Doctor Falsetti said:


> Super low key


is that a trek frame?


----------



## Bluenote (Oct 28, 2012)

mariomal99 said:


> is that a trek frame?


Haha! Good one.


----------



## Zachariah (Jan 29, 2009)

For all we know, LA's testicular cancer may very well be a sham too. I agree - he has $$$$$ hidden everywhere....there is no way a con man will be so confident he will NEVER get caught!


----------



## hipo_p51 (Jul 6, 2012)

How much money did SCA make using LA name??

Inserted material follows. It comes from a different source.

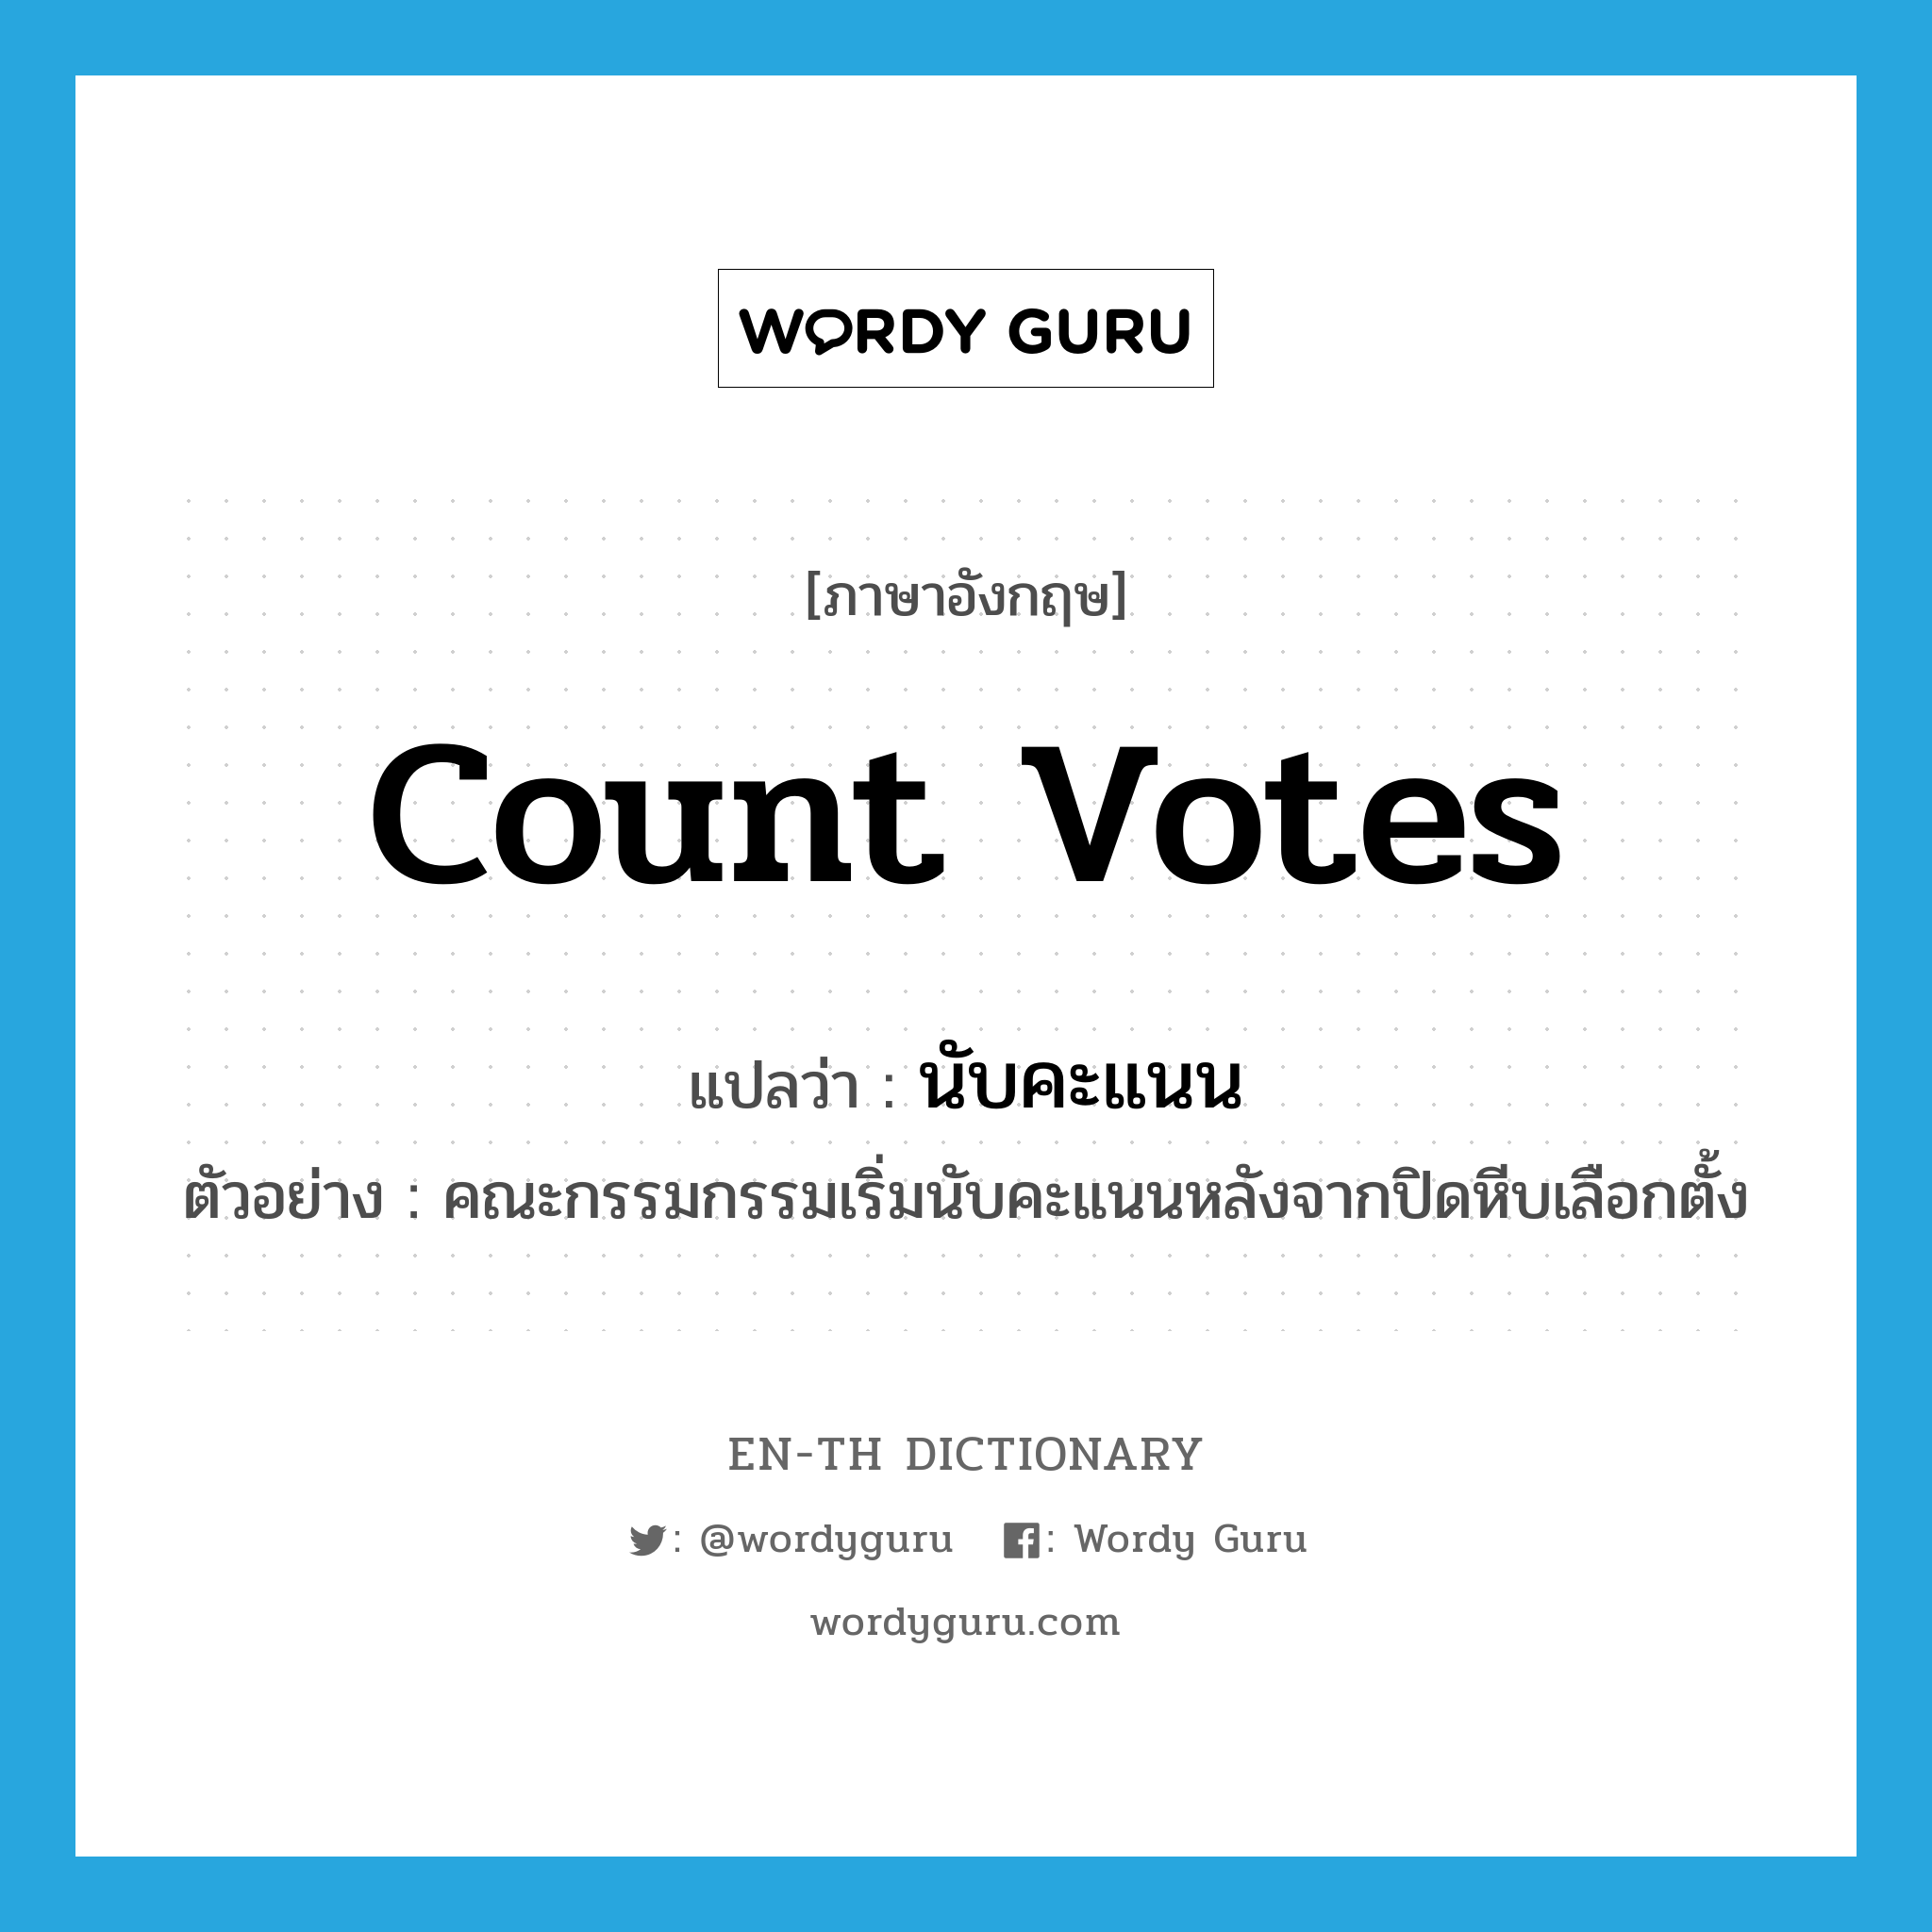 count votes แปลว่า?, คำศัพท์ภาษาอังกฤษ count votes แปลว่า นับคะแนน ประเภท V ตัวอย่าง คณะกรรมกรรมเริ่มนับคะแนนหลังจากปิดหีบเลือกตั้ง หมวด V

Just another entinty tryin to get something for nothing.


----------



## PaleAleYum (Jan 12, 2006)

hipo_p51 said:


> How much money did SCA make using LA name??
> 
> Just another entinty tryin to get something for nothing.


When in doubt, best not to speak and let the whole world know. 

Do you know that SCA Promotions is the insurance company that Tailwind took out an insurance policy from to cover their contract incentive with lance regarding winning multiple TdF's? 


Yer busting me up if you think SCA promotions made money off ol one nut.


----------



## Local Hero (Jul 8, 2010)

Zachariah said:


> For all we know, LA's testicular cancer may very well be a sham too. I agree - he has $$$$$ hidden everywhere....there is no way a con man will be so confident he will NEVER get caught!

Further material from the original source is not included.